I have built a simple YOLO localization model in Keras like,
model_layers = [
keras.layers.Conv2D( 32 , input_shape=( input_dim , input_dim , 3 ) , kernel_size=( 3 , 3 ) , strides=1 , activation='relu' ),
keras.layers.Conv2D( 32 , kernel_size=( 3 , 3 ) , strides=1 , activation='relu' ),
keras.layers.MaxPooling2D( pool_size=( 2 , 2 ) , strides=2 ),
keras.layers.Conv2D( 64 , kernel_size=( 3 , 3 ) , strides=1 , activation='relu' ),
keras.layers.Conv2D( 64 , kernel_size=( 3 , 3 ) , strides=1 , activation='relu' ),
keras.layers.MaxPooling2D( pool_size=( 2 , 2 ) , strides=2 ),
keras.layers.Conv2D( 64 , kernel_size=( 3 , 3 ) , strides=1 , activation='relu' ),
keras.layers.Conv2D( 64 , kernel_size=( 3 , 3 ) , strides=1 , activation='relu' ),
keras.layers.MaxPooling2D( pool_size=( 2 , 2 ) , strides=2 ),
keras.layers.Conv2D( 128 , kernel_size=( 3 , 3 ) , strides=1 , activation='relu' ),
keras.layers.Conv2D( 128 , kernel_size=( 3 , 3 ) , strides=1 , activation='relu' ),
keras.layers.Conv2D( 64 , kernel_size=( 3 , 3 ) , strides=1 , activation='relu' ),
keras.layers.Conv2D( 64 , kernel_size=( 3 , 3 ) , strides=1 , activation='relu' ),
keras.layers.Conv2D( 32 , kernel_size=( 3 , 3 ) , strides=1 , activation='relu' ),
keras.layers.Conv2D( 8 , kernel_size=( 3 , 3 ) , strides=1 ),
]
model = keras.models.Sequential( model_layers )

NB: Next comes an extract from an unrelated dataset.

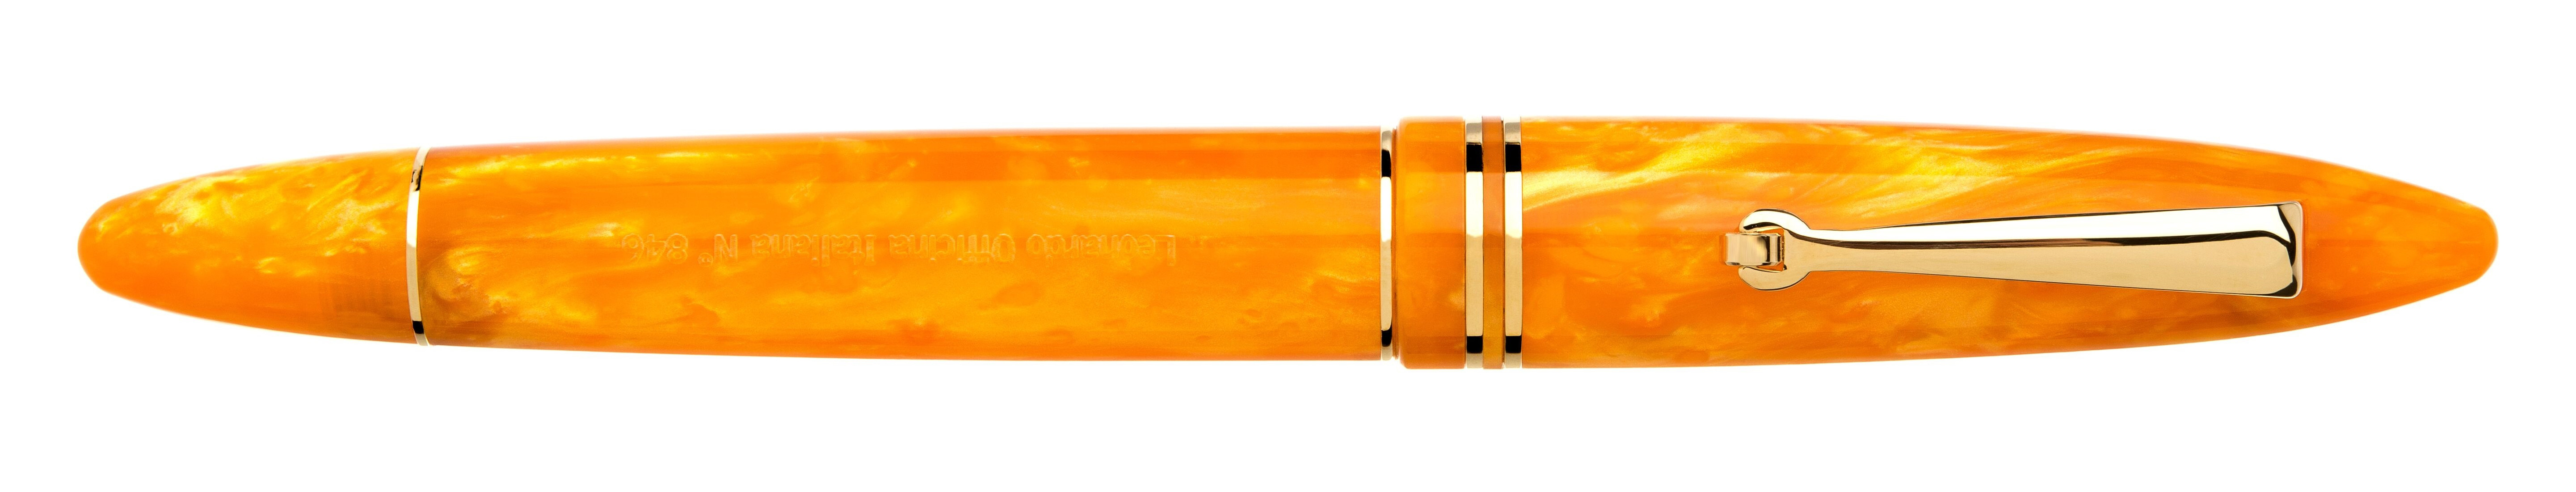 Leonardo Officina Italiana Furore Orange Gold GT Fountain pen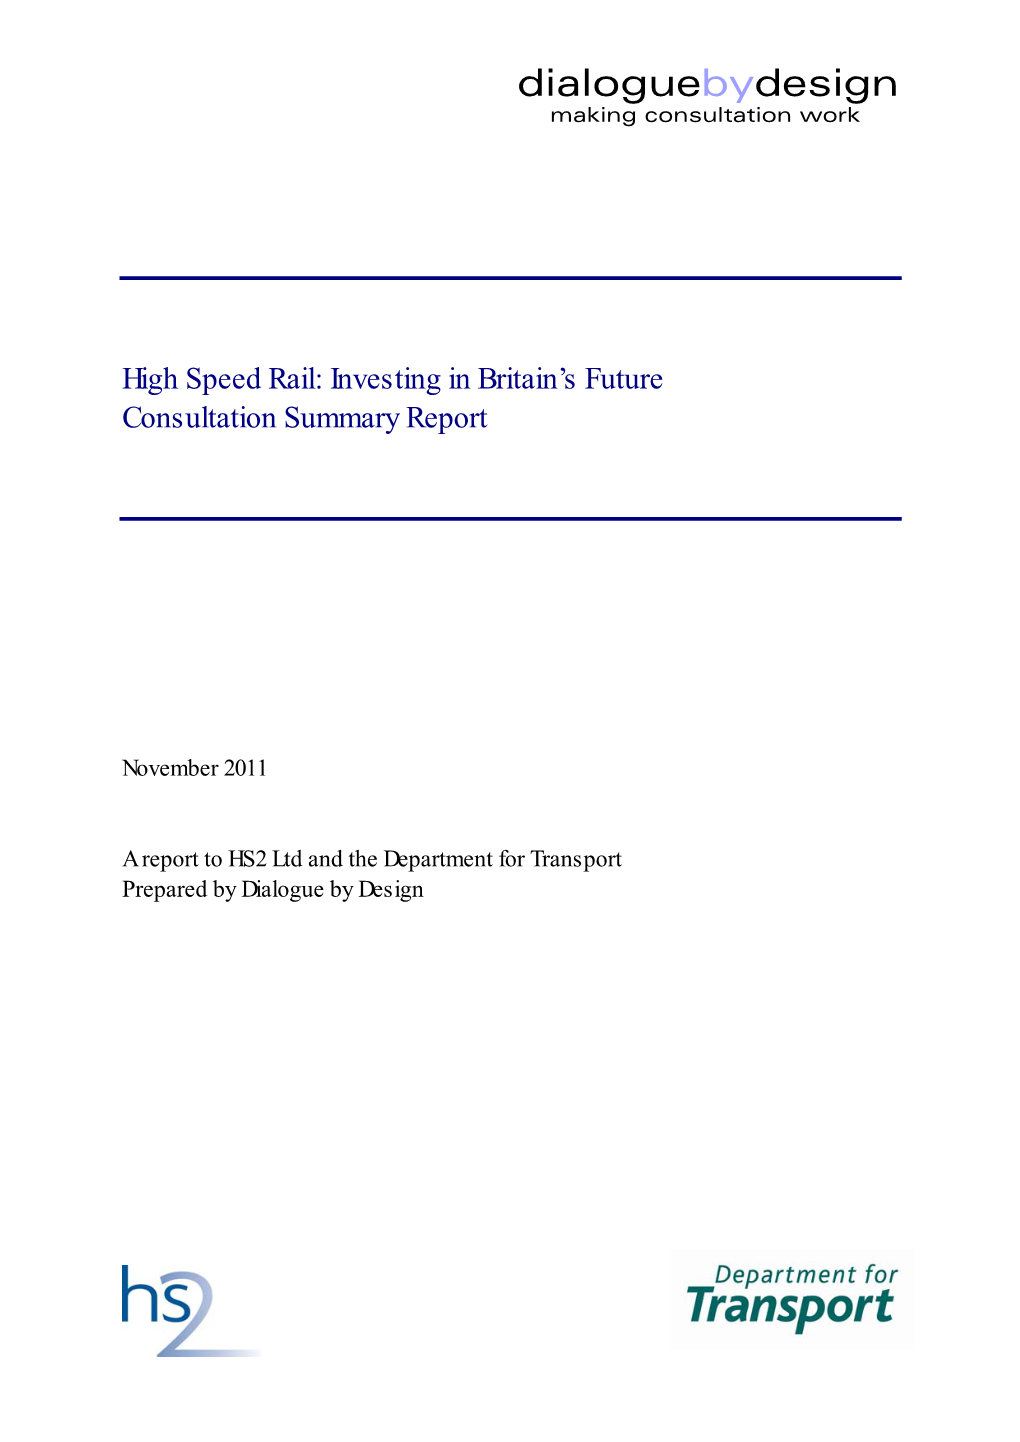 High Speed Rail: Investing in Britain’S Future Consultation Summary Report

model.compile( loss=yolo_keras_loss , optimizer=keras.optimizers.Adam( lr=0.0001 ) )
model.summary()
As observed, the last layer's activation function is 'linear'.
But with regards to YOLO's output, all the values ( confidence score, bounding box coordinates and class probabilities ) are normalized. So should I use a sigmoid activation function or a linear activation function?
I cannot find the output layer's activation function in any of resources concerning YOLO.